Work order |
The first line of the entries below, the line containing "Нардеп от ОПЗЖ", and every line between them should be repeated exactly, and nothing else.

Collected data:
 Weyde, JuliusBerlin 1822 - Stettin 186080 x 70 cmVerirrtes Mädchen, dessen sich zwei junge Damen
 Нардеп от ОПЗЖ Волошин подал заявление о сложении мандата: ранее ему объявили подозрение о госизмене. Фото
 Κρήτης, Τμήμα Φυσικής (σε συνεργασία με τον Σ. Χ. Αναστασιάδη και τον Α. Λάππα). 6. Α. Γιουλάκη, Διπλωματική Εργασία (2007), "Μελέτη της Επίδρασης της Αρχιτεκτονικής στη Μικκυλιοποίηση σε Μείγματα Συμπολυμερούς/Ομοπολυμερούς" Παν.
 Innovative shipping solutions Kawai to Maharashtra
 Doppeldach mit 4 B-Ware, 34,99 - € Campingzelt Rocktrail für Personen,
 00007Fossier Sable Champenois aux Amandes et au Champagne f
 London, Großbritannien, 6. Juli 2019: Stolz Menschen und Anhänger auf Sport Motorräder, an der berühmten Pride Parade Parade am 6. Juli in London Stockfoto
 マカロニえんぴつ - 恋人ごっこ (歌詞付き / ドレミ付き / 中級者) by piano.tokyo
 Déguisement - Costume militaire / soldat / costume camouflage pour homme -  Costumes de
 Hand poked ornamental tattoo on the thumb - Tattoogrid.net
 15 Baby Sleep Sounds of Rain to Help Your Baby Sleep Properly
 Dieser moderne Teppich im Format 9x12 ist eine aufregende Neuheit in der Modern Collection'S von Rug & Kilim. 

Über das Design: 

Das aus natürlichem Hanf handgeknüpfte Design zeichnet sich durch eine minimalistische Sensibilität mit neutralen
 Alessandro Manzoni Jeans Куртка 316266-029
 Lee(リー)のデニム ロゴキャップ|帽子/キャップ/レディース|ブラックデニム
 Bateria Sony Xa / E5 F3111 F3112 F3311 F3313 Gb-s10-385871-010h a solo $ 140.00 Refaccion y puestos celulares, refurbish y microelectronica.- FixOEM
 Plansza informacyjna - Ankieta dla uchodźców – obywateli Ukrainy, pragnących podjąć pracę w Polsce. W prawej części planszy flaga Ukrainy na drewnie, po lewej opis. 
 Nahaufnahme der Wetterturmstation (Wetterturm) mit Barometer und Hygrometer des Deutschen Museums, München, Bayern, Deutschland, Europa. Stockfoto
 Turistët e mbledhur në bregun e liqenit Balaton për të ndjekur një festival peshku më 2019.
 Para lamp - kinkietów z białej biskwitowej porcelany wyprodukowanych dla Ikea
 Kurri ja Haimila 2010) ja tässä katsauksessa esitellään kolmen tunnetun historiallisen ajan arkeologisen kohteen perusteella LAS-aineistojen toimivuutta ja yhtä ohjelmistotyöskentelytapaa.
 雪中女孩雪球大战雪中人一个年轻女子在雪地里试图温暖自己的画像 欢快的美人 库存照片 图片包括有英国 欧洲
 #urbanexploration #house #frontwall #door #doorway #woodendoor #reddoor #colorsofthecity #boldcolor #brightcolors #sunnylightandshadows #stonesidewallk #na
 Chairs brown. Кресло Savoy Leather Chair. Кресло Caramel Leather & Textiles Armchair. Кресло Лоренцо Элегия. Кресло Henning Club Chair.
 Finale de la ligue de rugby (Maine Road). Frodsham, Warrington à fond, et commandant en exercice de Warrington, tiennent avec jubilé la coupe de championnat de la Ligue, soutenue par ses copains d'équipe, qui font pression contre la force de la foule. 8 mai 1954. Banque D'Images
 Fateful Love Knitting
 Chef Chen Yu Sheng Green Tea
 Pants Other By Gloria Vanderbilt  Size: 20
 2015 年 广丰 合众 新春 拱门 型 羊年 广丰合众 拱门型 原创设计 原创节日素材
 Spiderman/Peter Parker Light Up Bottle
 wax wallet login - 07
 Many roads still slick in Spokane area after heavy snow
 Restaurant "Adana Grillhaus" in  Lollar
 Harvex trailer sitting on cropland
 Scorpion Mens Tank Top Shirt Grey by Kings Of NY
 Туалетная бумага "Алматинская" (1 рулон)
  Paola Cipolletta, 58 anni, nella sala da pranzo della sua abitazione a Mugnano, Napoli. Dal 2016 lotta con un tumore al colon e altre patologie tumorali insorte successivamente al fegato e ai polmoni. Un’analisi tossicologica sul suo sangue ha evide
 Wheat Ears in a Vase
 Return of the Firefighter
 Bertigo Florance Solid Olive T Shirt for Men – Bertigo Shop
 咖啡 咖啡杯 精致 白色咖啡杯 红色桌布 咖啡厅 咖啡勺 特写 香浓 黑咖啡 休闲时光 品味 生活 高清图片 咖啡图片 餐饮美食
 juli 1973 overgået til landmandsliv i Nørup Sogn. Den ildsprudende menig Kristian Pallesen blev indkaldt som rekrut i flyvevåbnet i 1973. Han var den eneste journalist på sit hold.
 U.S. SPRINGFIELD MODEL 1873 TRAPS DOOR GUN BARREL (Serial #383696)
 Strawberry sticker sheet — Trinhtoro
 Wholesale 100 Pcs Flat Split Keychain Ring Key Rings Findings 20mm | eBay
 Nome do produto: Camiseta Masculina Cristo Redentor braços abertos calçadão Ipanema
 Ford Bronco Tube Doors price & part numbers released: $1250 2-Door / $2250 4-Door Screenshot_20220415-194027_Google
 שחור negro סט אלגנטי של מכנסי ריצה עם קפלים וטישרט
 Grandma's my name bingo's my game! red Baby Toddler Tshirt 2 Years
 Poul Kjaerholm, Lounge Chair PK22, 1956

Answer section |
 Weyde, JuliusBerlin 1822 - Stettin 186080 x 70 cmVerirrtes Mädchen, dessen sich zwei junge Damen
 Нардеп от ОПЗЖ Волошин подал заявление о сложении мандата: ранее ему объявили подозрение о госизмене. Фото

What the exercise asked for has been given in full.